Skip the pictures, and retype the data below in full, exactly.

** Opening Data extract block **

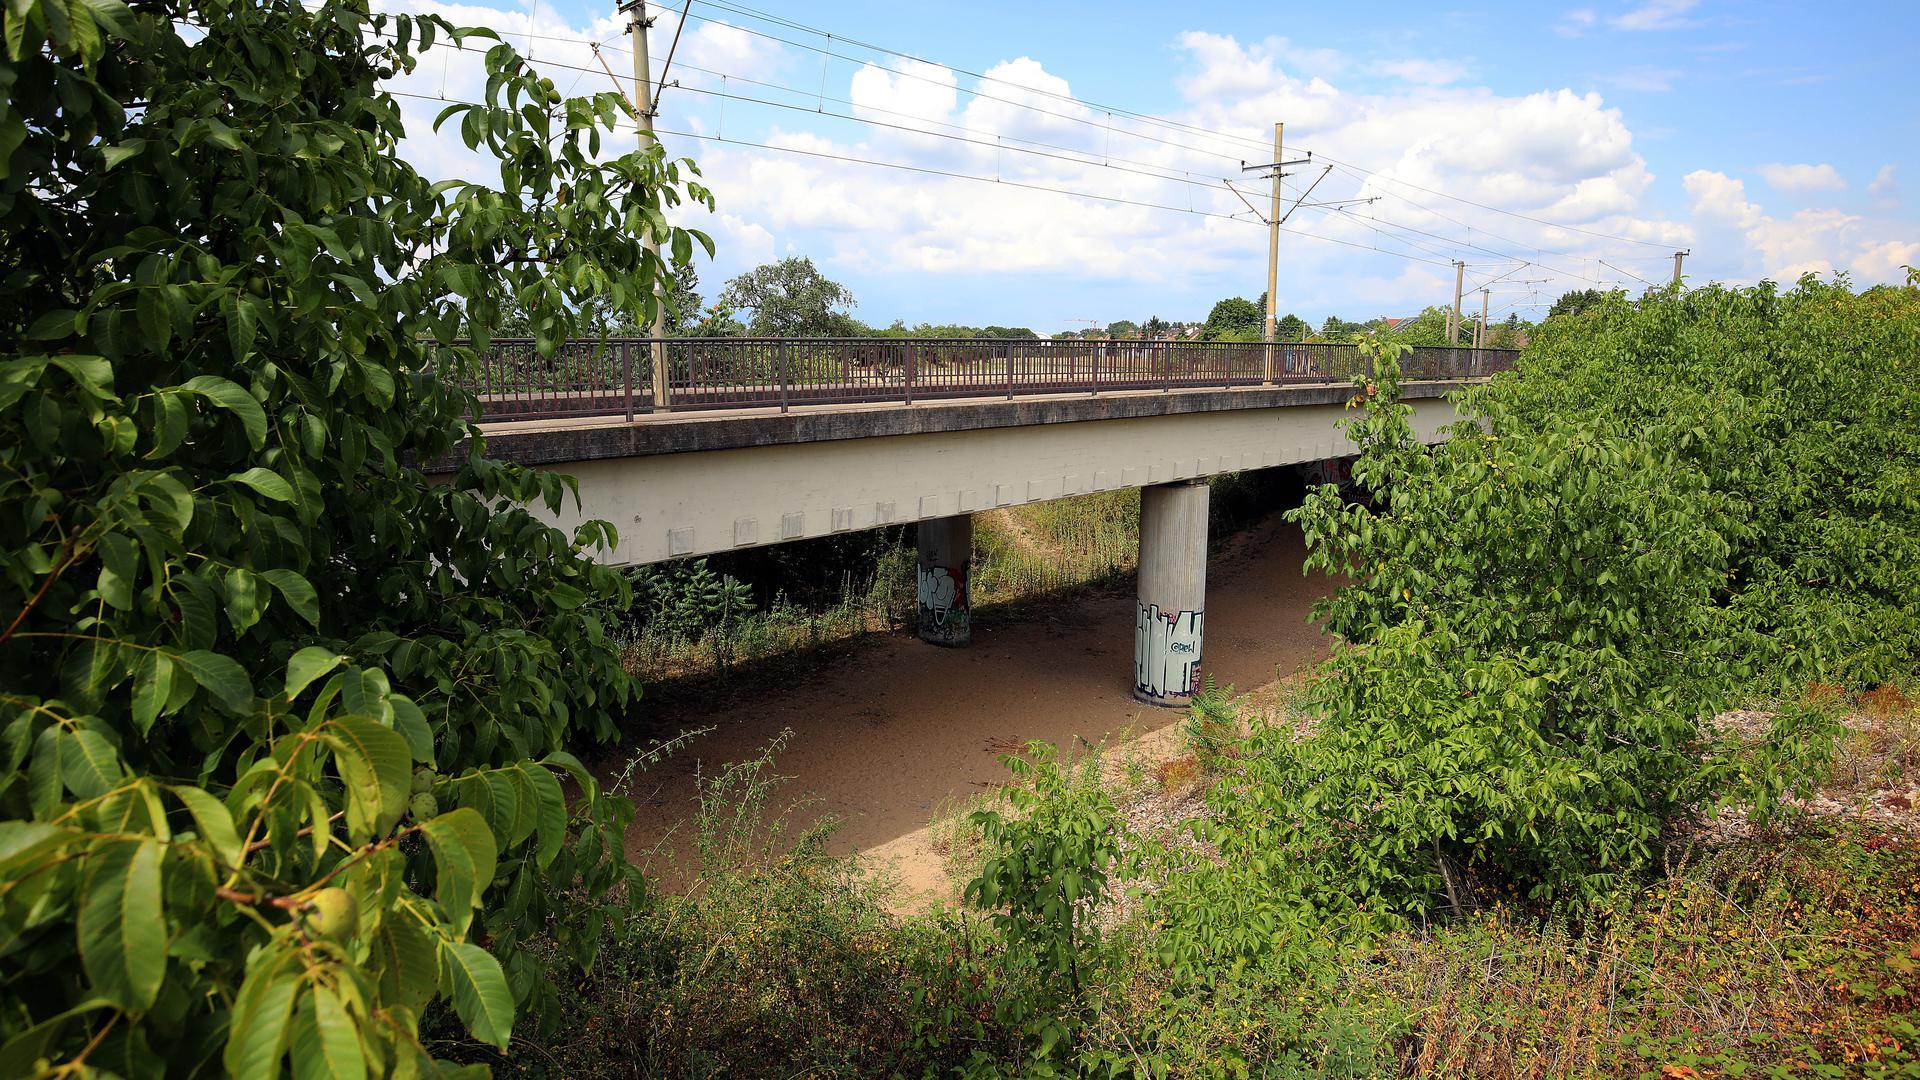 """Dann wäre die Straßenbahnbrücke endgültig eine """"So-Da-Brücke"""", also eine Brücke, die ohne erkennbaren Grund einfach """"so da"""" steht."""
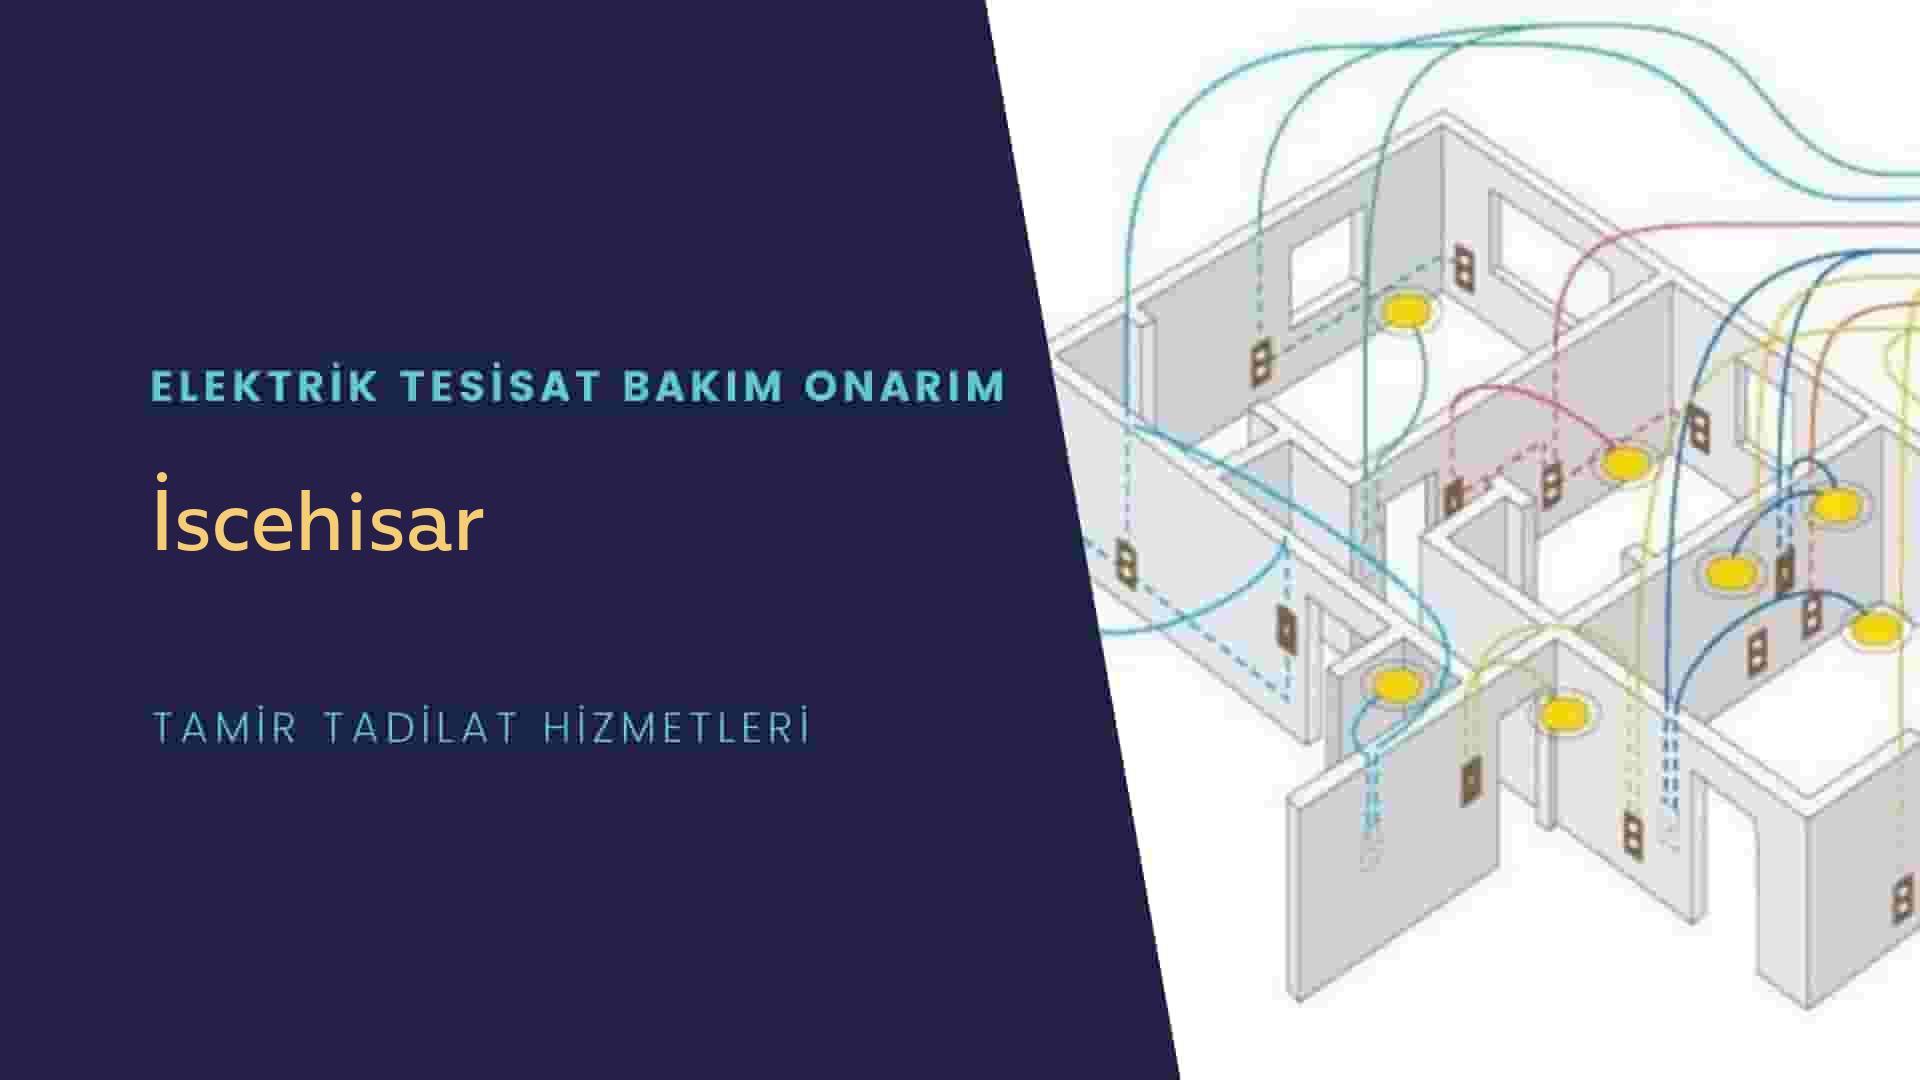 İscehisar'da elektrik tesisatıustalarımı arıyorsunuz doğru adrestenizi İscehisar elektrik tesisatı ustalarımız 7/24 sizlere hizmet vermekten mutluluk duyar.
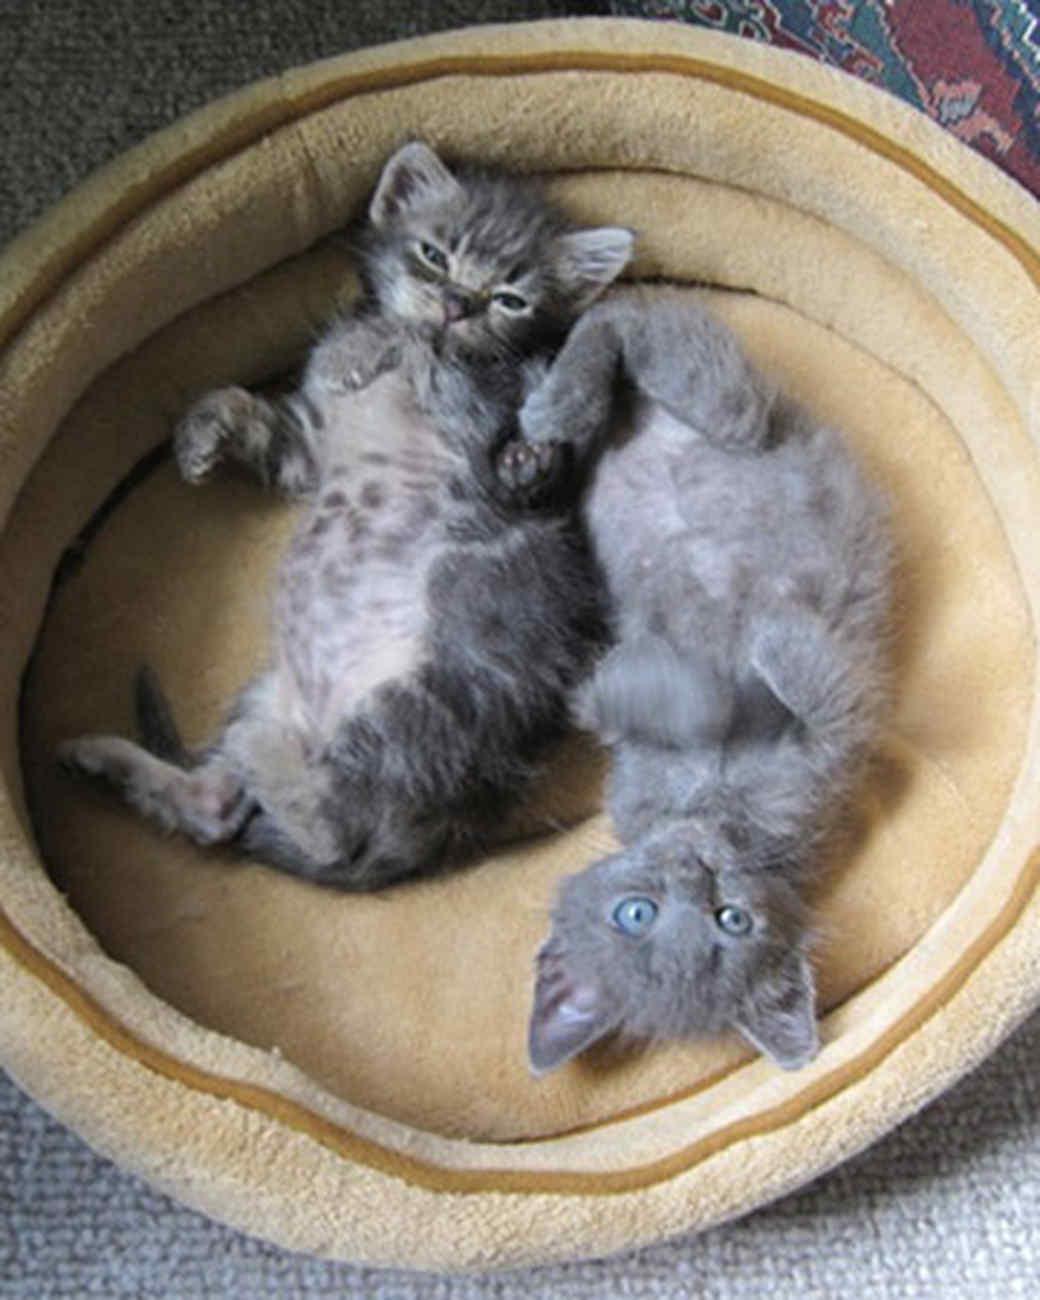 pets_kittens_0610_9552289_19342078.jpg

** Closing Data extract block **

**Response to this task**
 """Dann wäre die Straßenbahnbrücke endgültig eine """"So-Da-Brücke"""", also eine Brücke, die ohne erkennbaren Grund einfach """"so da"""" steht."""
 İscehisar'da elektrik tesisatıustalarımı arıyorsunuz doğru adrestenizi İscehisar elektrik tesisatı ustalarımız 7/24 sizlere hizmet vermekten mutluluk duyar.
 pets_kittens_0610_9552289_19342078.jpg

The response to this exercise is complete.